MICHAEL retrace le parcours qui mène l’enfant prodige des Jackson Five à la plus grande star de la pop du XXe siècle. Le film raconte l’ascension du King of Pop, son dévouement obsessionnel à la musique et à la danse, mais aussi la pression croissante d’une opinion publique qui ne lui a jamais laissé de répit et qui devint, pour Jackson, une menace de plus en plus existentielle. Malgré un sujet fascinant, l’ensemble demeure malheureusement assez superficiel et peine à dépasser le stade de l’hommage convenu.

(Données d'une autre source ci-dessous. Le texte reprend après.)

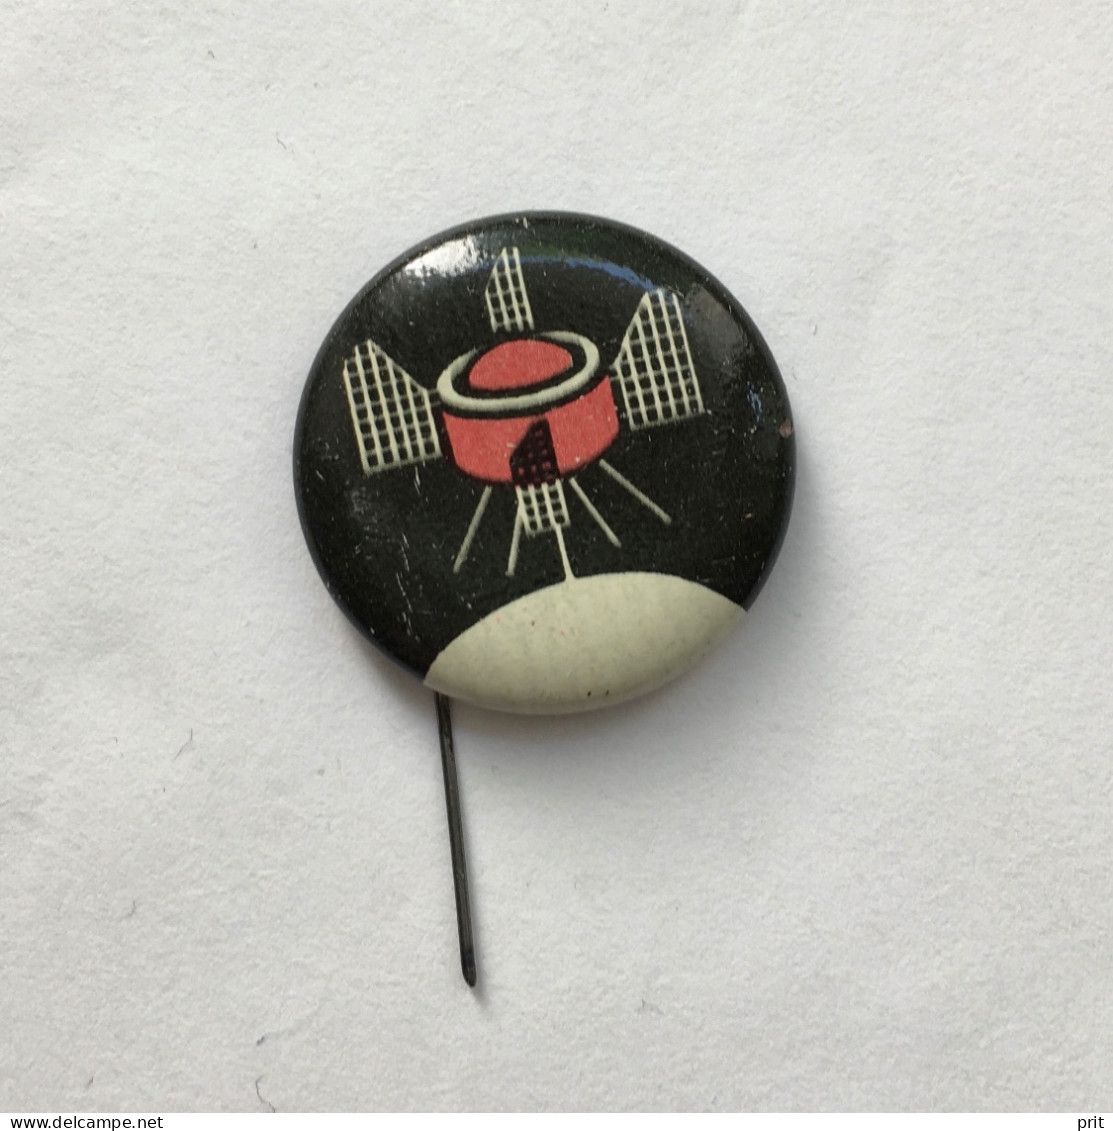 Sputnik Space Cosmos Spaceship Programe Soviet Russia USSR 1960s Vintage Pin Badge Metal - Space
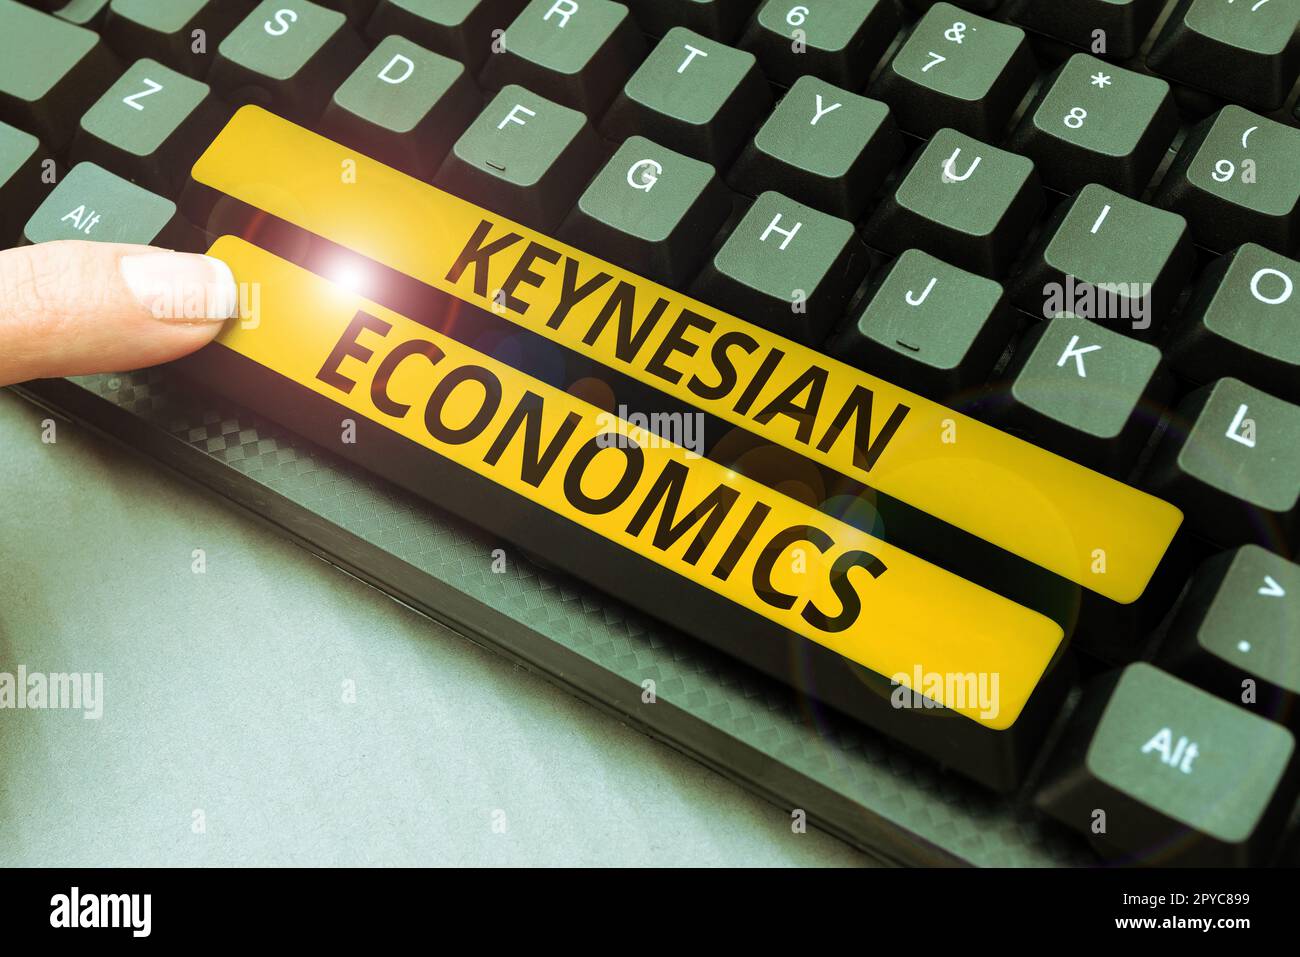 Begrifflicher Titel Keynesianische Ökonomie. Konzeptionelle fotografische monetäre und finanzpolitische Programme der Regierung zur Steigerung der Beschäftigung Stockfoto

MICHAEL – Quand Antoine Fuqua édulcore la légende du King of Pop
En privilégiant l’hommage à l’analyse, le film laisse largement de côté les zones d’ombre qui ont marqué le parcours de l’artiste.
MICHAEL | CRITIQUE
Vu pour nous par Walter Gasperi
Un biopic sans zones d’ombre
Antoine Fuqua consacre MICHAEL à l’une des figures les plus fascinantes de l’histoire de la pop, mais choisit clairement l’angle de l’admiration. Plutôt qu’un portrait critique, le réalisateur livre avant tout un hommage. Les aspects les plus controversés de la vie de Michael Jackson, comme les accusations d’abus ou sa dépendance aux médicaments, sont soigneusement laissés de côté, notamment grâce à un récit limité à la période allant de 1966 à 1988.
La star comme spectacle
Dès l’ouverture, le ton est donné. Sur les premières notes de « Bad », la caméra s’attarde sur des détails devenus iconiques – chaussures noires, chaussettes blanches – tandis que montent les cris hystériques des fans. Le film revient sans cesse à ce principe : la scène et le public fusionnent dans une même euphorie collective.
Grâce à un montage dynamique et à une remarquable précision chorégraphique, le cinéma se transforme lui-même en salle de concert. Jaafar Jackson impressionne par sa présence physique. Son interprétation repose moins sur le chant que sur le mouvement : chaque geste, chaque pas, chaque moonwalk semble parfaitement maîtrisé. La mise en scène restitue avec force l’intensité de ces performances.
La famille comme origine
Au cœur du récit se trouve pourtant moins la gloire mondiale de Michael Jackson que sa relation avec son père. Joseph Jackson apparaît comme un éducateur impitoyable qui pousse ses fils vers le succès à coups de discipline et d’exigence.
Face à lui, Michael est présenté comme un garçon sensible, longtemps prisonnier de son enfance, qui tente peu à peu de s’émanciper. Cette opposition demeure toutefois assez schématique. Fuqua privilégie une lecture simple : d’un côté le père dominateur, de l’autre le fils vulnérable. Les nuances psychologiques restent limitées.
L’éclat sans les fractures
Ce que MICHAEL évite systématiquement, c’est toute remise en question du mythe. Certaines excentricités – les animaux exotiques ou les collections d’objets liées à l’enfance – sont évoquées, mais jamais interrogées.
Les transformations physiques, les nombreuses opérations esthétiques ou les problèmes de dépendance n’apparaissent qu’en arrière-plan. Plus frappante encore est la représentation de Jackson comme ami des enfants : visites dans les hôpitaux, séances de dédicaces et gestes de générosité occupent une place importante. Ces images ressemblent souvent à des contrepoints soigneusement construits face aux controverses que le film choisit de ne pas aborder.
Une narration en accéléré
Sous une forme très épisodique, MICHAEL traverse deux décennies d’histoire de la musique : des Jackson Five à Motown, jusqu’au triomphe planétaire de THRILLER.
La structure reste cependant très conventionnelle. Une succession de lieux et de dates organise un récit qui approfondit rarement ses sujets. Certains motifs, comme les références récurrentes à Peter Pan, suggèrent une lecture plus complexe du personnage, mais ces pistes ne sont jamais véritablement développées.
Conclusion : spectaculaire dans la forme, timide sur le fond
MICHAEL est un biopic visuellement impressionnant et musicalement efficace qui met en scène son personnage principal avec énergie et respect. Mais cette proximité constitue aussi sa principale faiblesse.
Le film n’ose jamais porter un regard critique et évite systématiquement les chapitres les plus sombres de l’histoire de Michael Jackson. Il en résulte une œuvre qui célèbre davantage qu’elle n’analyse, un monument commémoratif plutôt qu’une véritable réflexion.
Pour les admirateurs du King of Pop, cela sera sans doute suffisant. Pour celles et ceux qui espéraient un portrait plus nuancé et plus éclairant, le film manque malheureusement du courage nécessaire à l’ambivalence.